Now, we want to provide the suggestions, so we need to create a SearchService for query suggestions and then create the WhooshQueryEngine, which also needs to know the location of the index directory:

suggest_service = SearchService(service, "query_suggest_search")
whoosh_engine = WhooshQueryEngine(suggest_service, whoosh_query_index_dir=whoosh_dir)
suggest_service.search_engine = whoosh_engine
service.add_search_service(suggest_service)

Okay, so let’s start entering a few queries. Note, you might have to enter a few queries before you start to see recommendations appearing.

Pipelining

You might notice that if you type in “bad query”, you still get results for the twitter service. This is because we didn’t add the BlackListFilter to our twitter_search_service.
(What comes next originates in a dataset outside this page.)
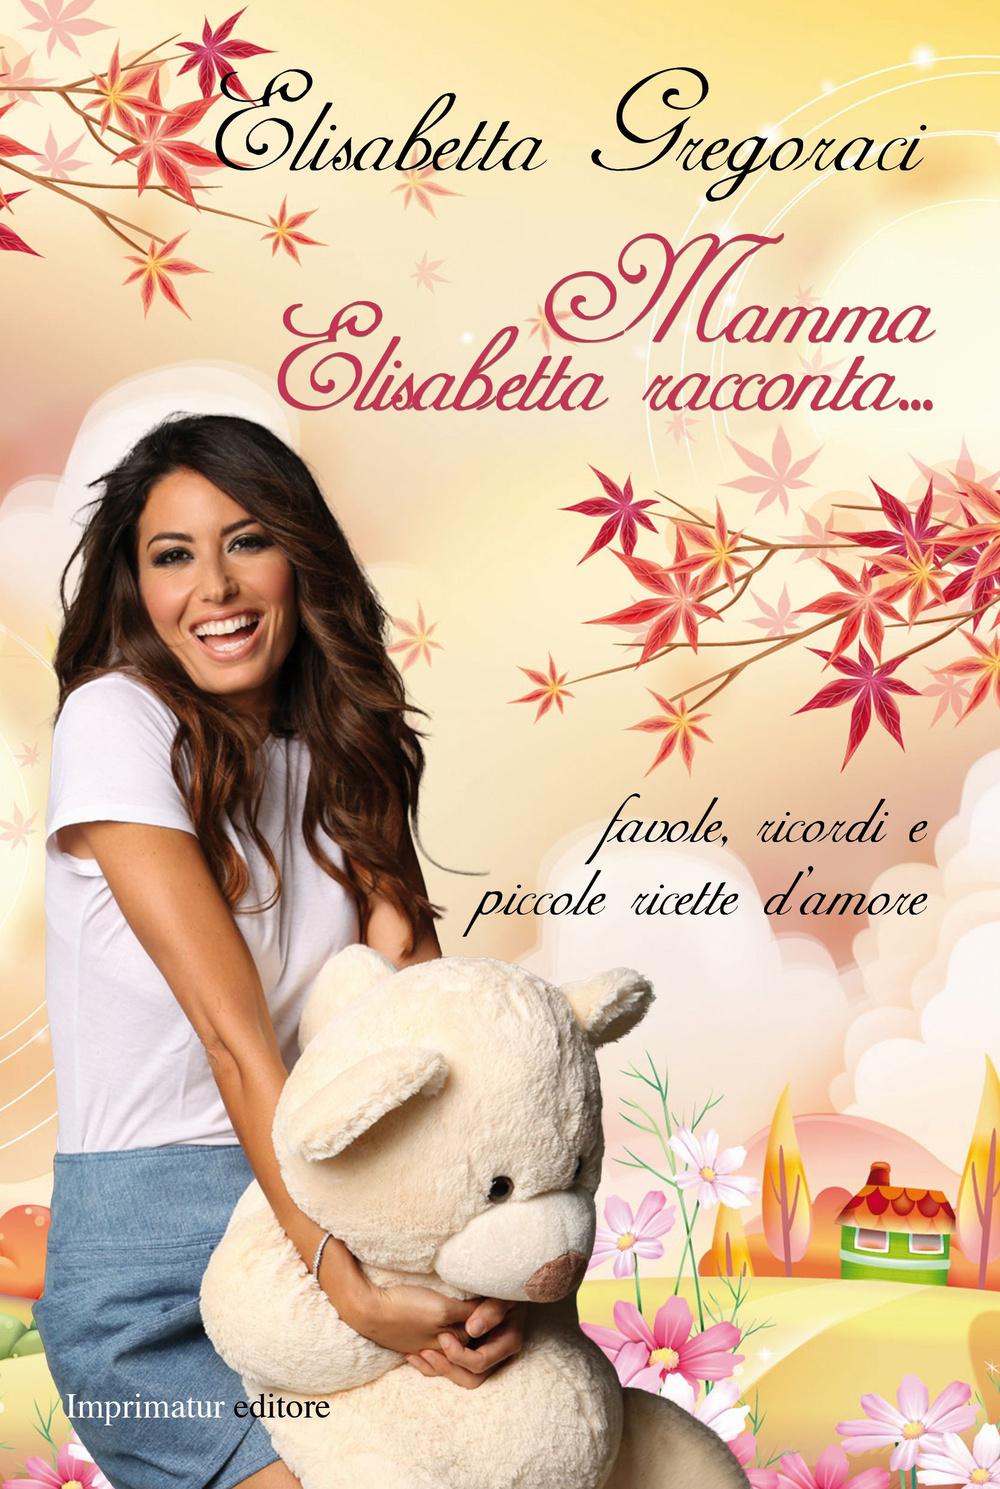 MAMMA ELISABETTA RACCONTA... FAVOLE, RICORDI E PICCOLE RICETTE D'AMORE. EDIZ. ILLUSTRATA - 9788868302092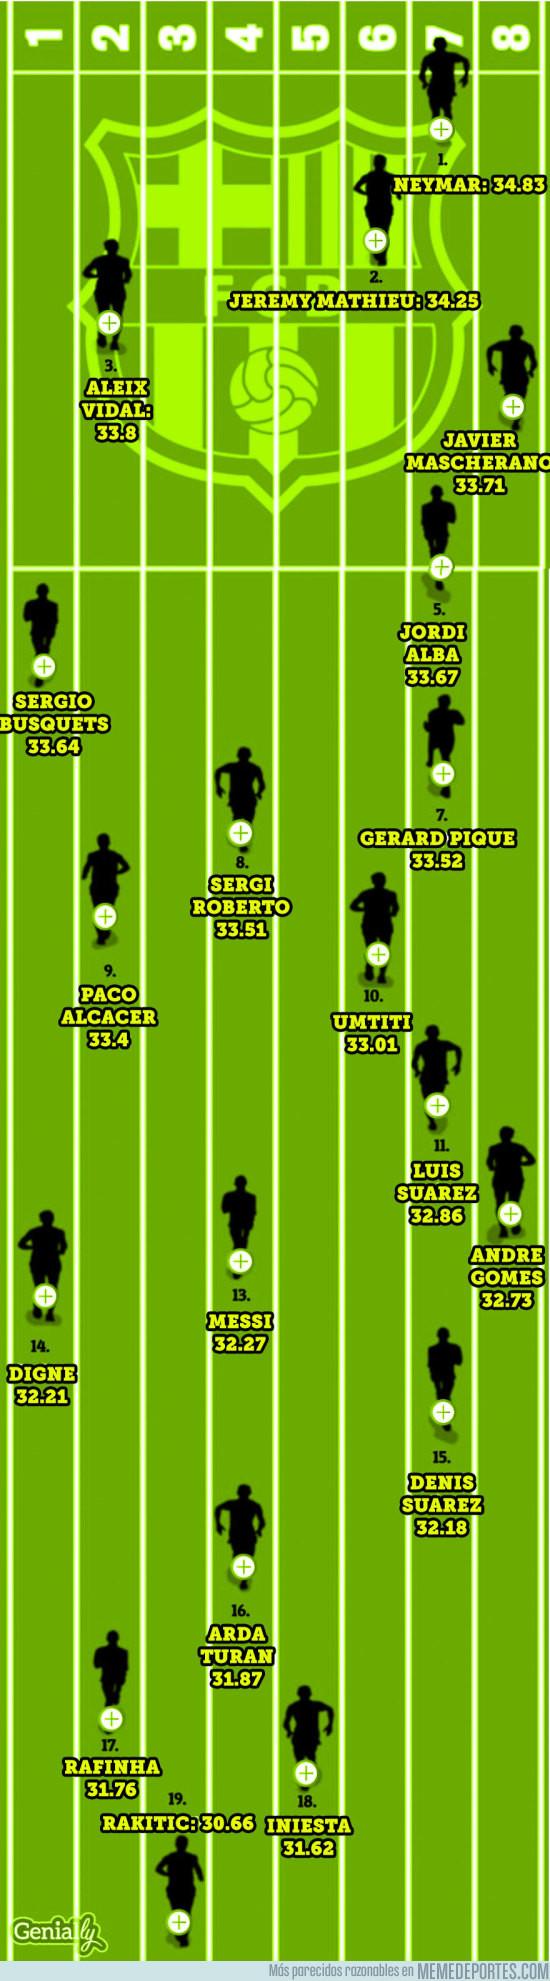 964810 - El ranking de velocidad punta de los jugadores del Barça está lleno de sorpresas

Do that now and make sure nothing nasty gets through.

Also, if we added the WhooshQueryLogger before the BlackListFilter then we would record all the nasty queries before rejecting the query and then start to recommend them....ooops! So it is always a good idea to pay attention to your query and document pipelines.

Give IfSe a Style

If you are interested in changing the look and feel of the application, then you can check out the html template files in templates/ifse/ within the tutorial directory, and the corresponding style sheet held in, site_media/css/

For example, open up index.html in template/ifse and change:

<link href="{{ MEDIA_URL }}css/concurrence/style.css" rel="stylesheet"  type="text/css">

to:

<link href="{{ MEDIA_URL }}css/twirling/style.css" rel="stylesheet"  type="text/css">

Doesn’t IfSe look prettier in pink?

Try changing perplex to combination, passageway, twirling or download any other CSS style from http://freecsstemplates.org.

Summing Up

In this tutorial, we have only considered how to configure a service using some of the existing components within the PuppyIR framework. But it is really easy to develop your own components and customise your search service. To develop your own components, check out Extending the Query Pipeline, Extending the Result Pipeline and Adding new Search Engine Wrappers for more details.